Context
Northstar Retail ingests customer profile data from its CRM (Salesforce), e-commerce platform (Shopify), and support system (Zendesk). Today, nightly batch jobs load each source independently into Snowflake, causing conflicting values for fields like email, phone, address, and loyalty status; analysts and downstream services do not know which source to trust.
You need to design a pipeline that consolidates these records into a single golden customer table while preserving lineage, handling source conflicts deterministically, and supporting both daily batch loads and near-real-time updates for critical fields.
Scale Requirements
- Sources: 3 primary systems, with 2 more planned within 6 months
- Volume: 45M customer records total, ~8M daily changed rows, ~2K CDC events/sec peak
- Latency: <15 minutes for CDC-driven updates, <2 hours for full daily reconciliation
- Storage: 12 TB raw historical data retained for 1 year; curated warehouse tables retained indefinitely
- Availability: 99.9% successful pipeline runs per month
Requirements
- Ingest batch extracts and CDC streams from all source systems into a raw layer with immutable history.

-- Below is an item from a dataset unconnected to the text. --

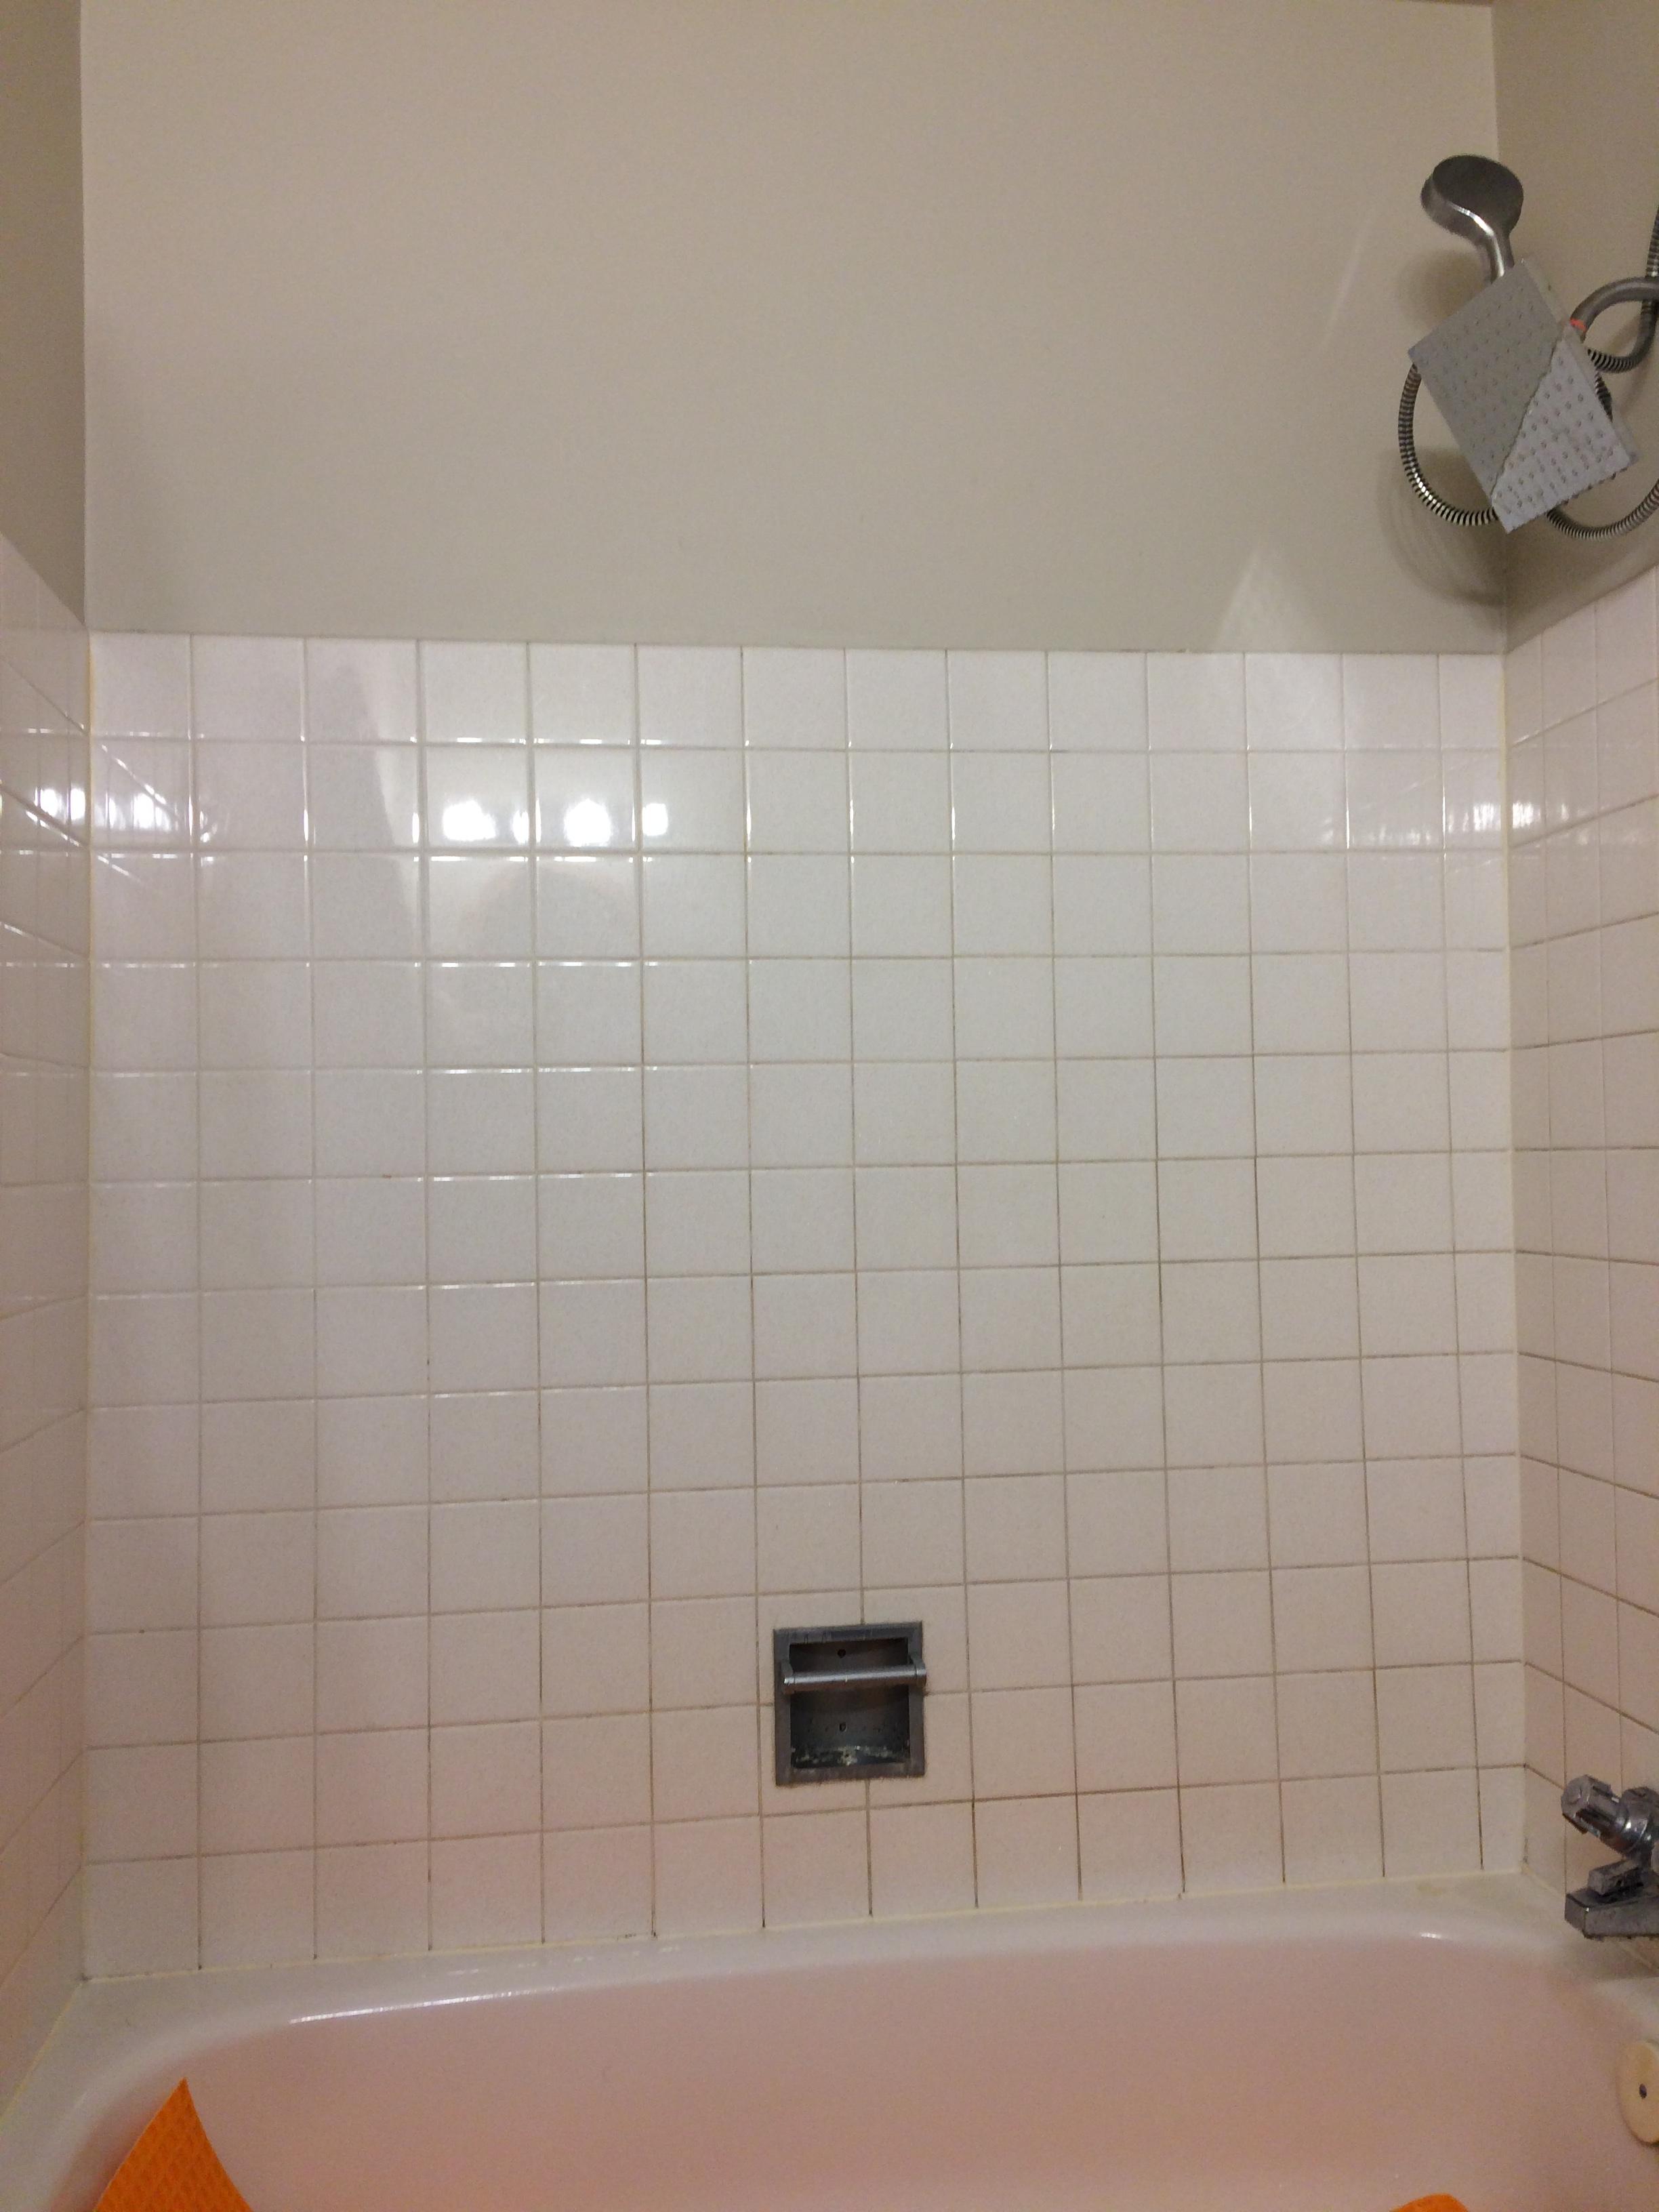 Bathroom tub surround reno (before)

- Standardize schemas, normalize fields (email casing, phone formatting, address parsing), and assign a canonical customer key.
- Implement conflict resolution rules, such as source priority, recency, field-level trust scores, and survivorship logic.

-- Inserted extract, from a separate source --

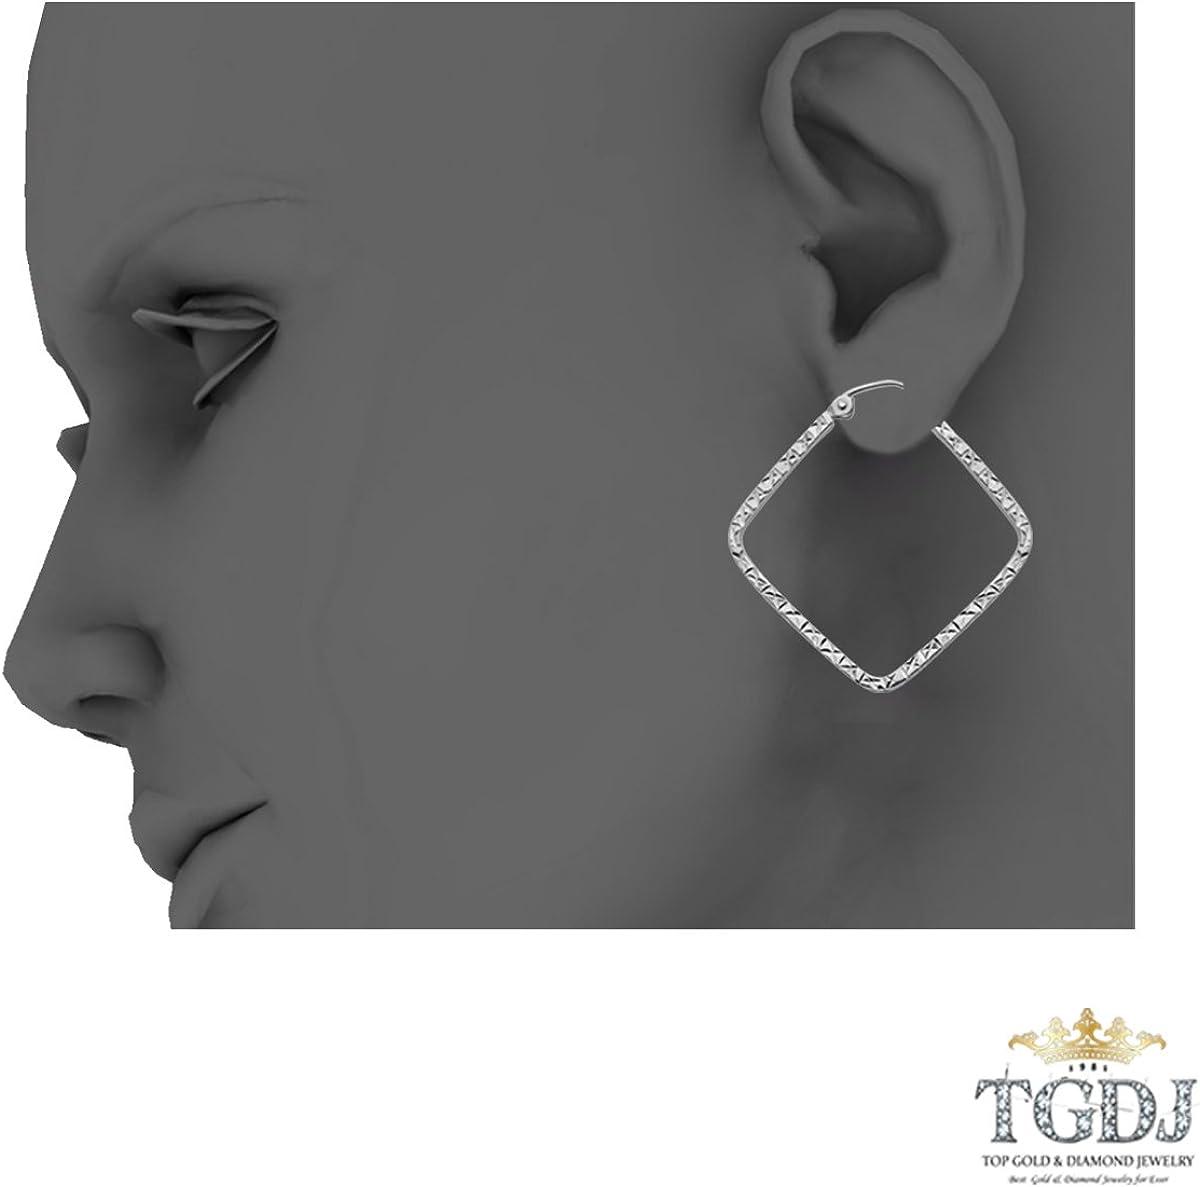 Diameter - 25mm TGDJ 14K White Gold 1.5mm Square Tube Diamond Cut Square Hoop Earrings

- Preserve auditability: every golden record field must be traceable to its source record and resolution rule.
- Ensure idempotent reprocessing for retries, backfills, and late-arriving updates.
- Publish a curated
golden_customer table for analytics and operational consumers.

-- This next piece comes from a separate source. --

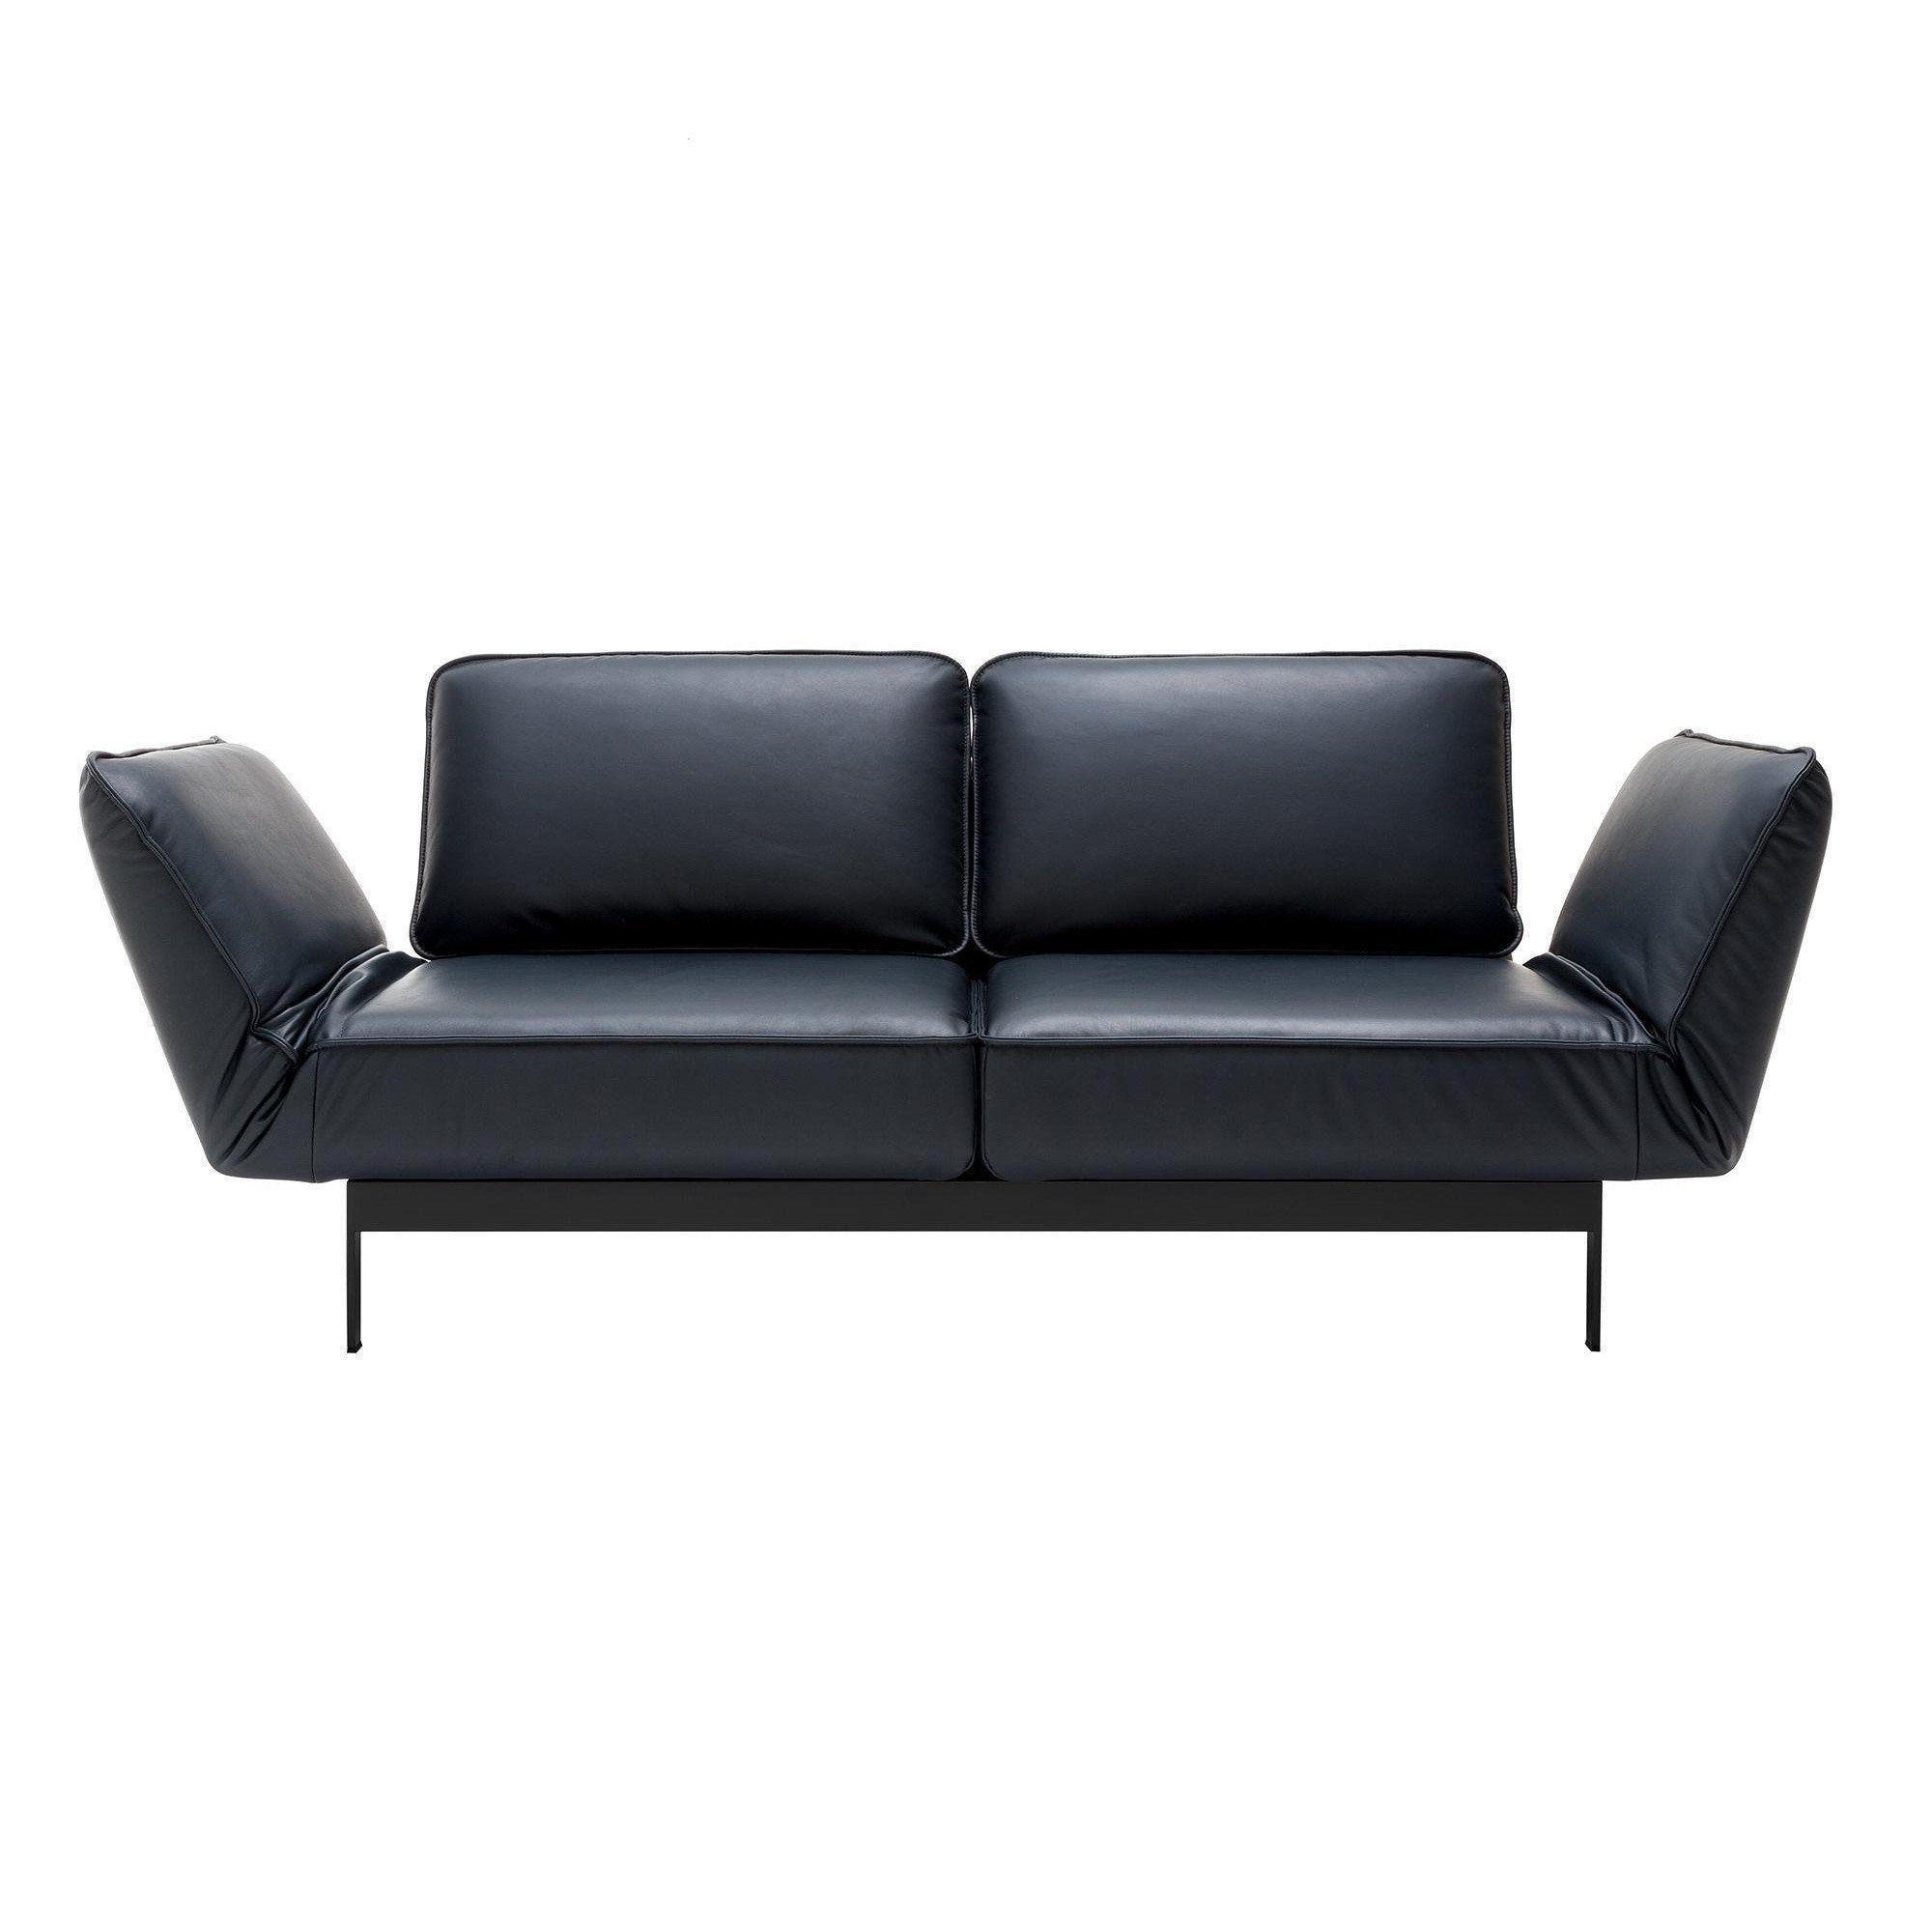 rolf benz 386 mera liegesofa rolf benz. Black Bedroom Furniture Sets. Home Design Ideas

- Define monitoring, alerting, and failure recovery for data quality and freshness.
Constraints
- Existing stack is AWS + Snowflake; avoid introducing more than one new stateful platform.
- Team size is 3 data engineers; operational complexity must stay low.
- PII must be encrypted at rest and in transit; access must be role-based.
- Budget target is <$18K/month incremental infrastructure cost.